К доктору на осмотры я ходить не любила — нередко пропускала осмотр или даже два, за что на меня несчастный врач очень сердился. Но я была уверена, что поскольку я чувствовала себя хорошо (к легкому чувству дурноты я уже привыкла), то и малышу хорошо, а если что — я бы почувствовала. Еще меньше я любила ездить на генеральные осмотры в больницу — каждый раз еле ноги уносила, так как чувствовал себя как в клубе «для тех, кому за сорок». Большинство этих тетенек мне в мамы годились (правда, стоит признать, что и мама у меня очень молодая), но все равно я чувствовала себя неуютно, и каждый раз говорила маме, чтобы она ходила вместо меня — она бы там «влилась». А я чувствовала себя безнадежно чужой, слушая разговоры про их заботы о здоровье, как одна ходит на специальную гимнастику, вторая — на водную аэробику для беременных, третья ест только перепелиные яйца, а четвертая перед употреблением чистит фрукты и овощи щеточкой для мытья посуды (все эти темы — реальны, я не преувеличиваю). Ощущая, что тут кто-то явно не в себе, я шла улучшать настроение в МакДональдс. Или в кондитерскую.
День шел за днем, месяц за месяцем, я постепенно привыкала и к недомоганиям, и к тому, что в университете все предусмотрительные и относятся ко мне с пониманием (подчас мне казалось, что даже с излишним), а в транспорте мне уступают место. К тому, что пузо иногда спит, а иногда буянит, я тоже привыкла. И очень странна мне была мысль, что скоро этого всего не будет. Но в назначенный день и назначенный час мы пришли в больницу, с рюкзаком, набитым вещами (которые, кроме зубной щетки и расчески, мне так и не понадобились). Операцию пришлось делать под общим наркозом, поэтому с маленьким Вовой я познакомилась чуть ли не последней — после мужа и мамы. Вернее, бабушки, так как мама теперь я.

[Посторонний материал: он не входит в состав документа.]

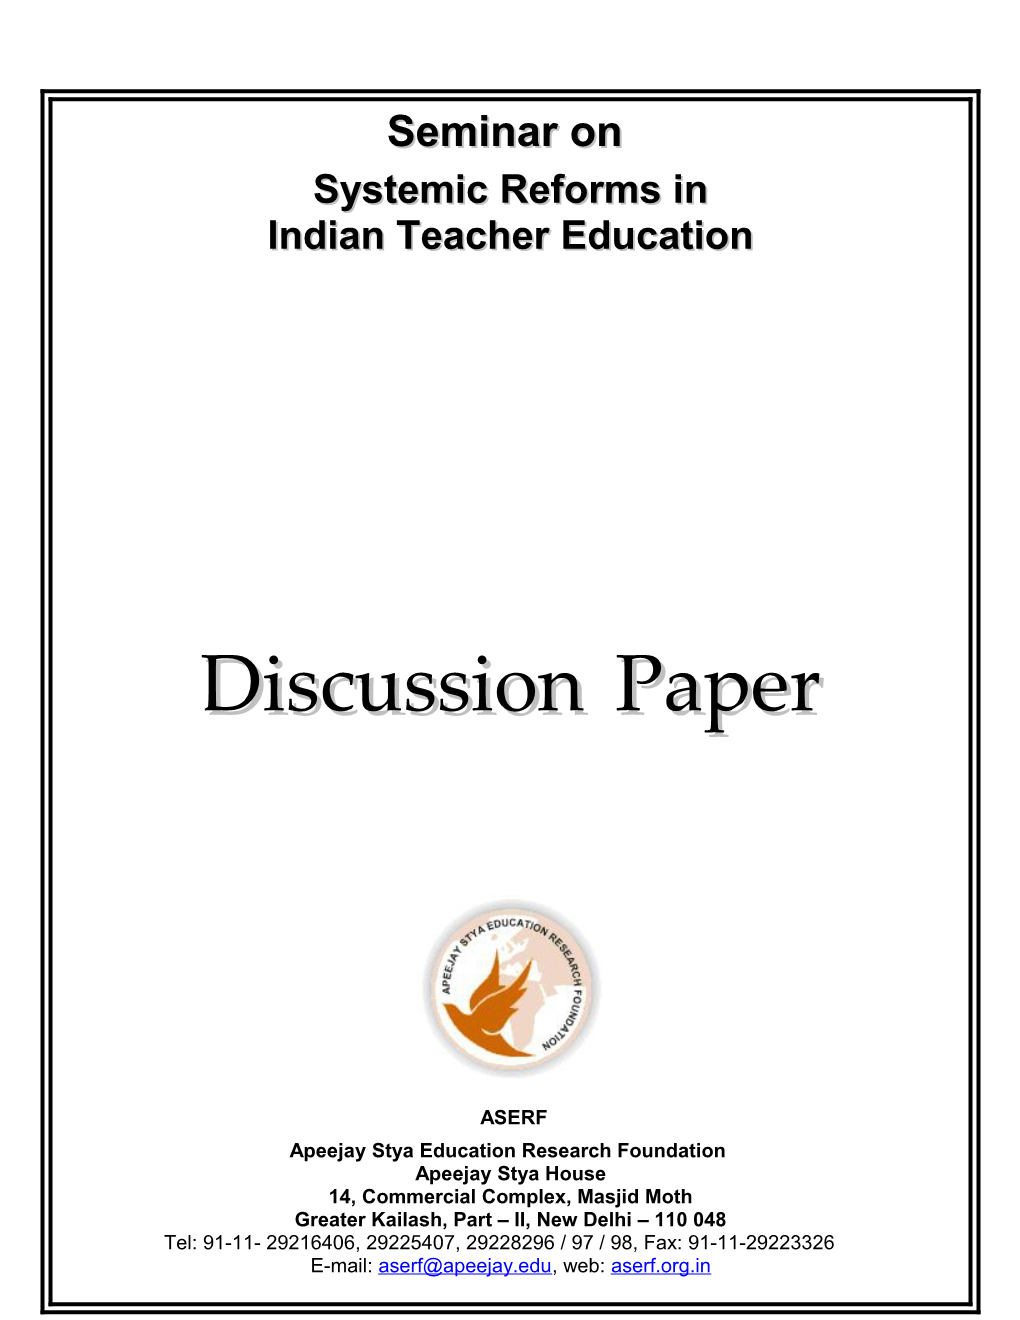 ASERF Seminar on Systemic Reforms

И опять, как это ни странно, к новой роли я привыкала несколько месяцев — поскольку первые два месяца Вовка только спал. И ел. Иногда. Когда я его будила и кормила. А иначе он так бы и проспал. А я все это время ничего не делала, только думала. Что же изменилось во мне? И с удивлением, если не ужасом, осознавала, что, кажется, ничего. Нет, конечно, я безумно, просто без меры, люблю этого маленького человечка, кроватка которого теперь стоит в моей комнате, а игрушки заполонили всю оставшуюся квартиру, я за него хоть в огонь, хоть в воду, хоть под поезд. А его улыбка (когда он начал улыбаться) — самое сладкое и чудесное явление в мире. Особенно, когда он улыбается именно мне, только мне, а я мысленно (а иногда и вслух) рассказываю ему, что он малыш, а я — его мама, и мы теперь друзья, и он — неделимая часть моей жизни.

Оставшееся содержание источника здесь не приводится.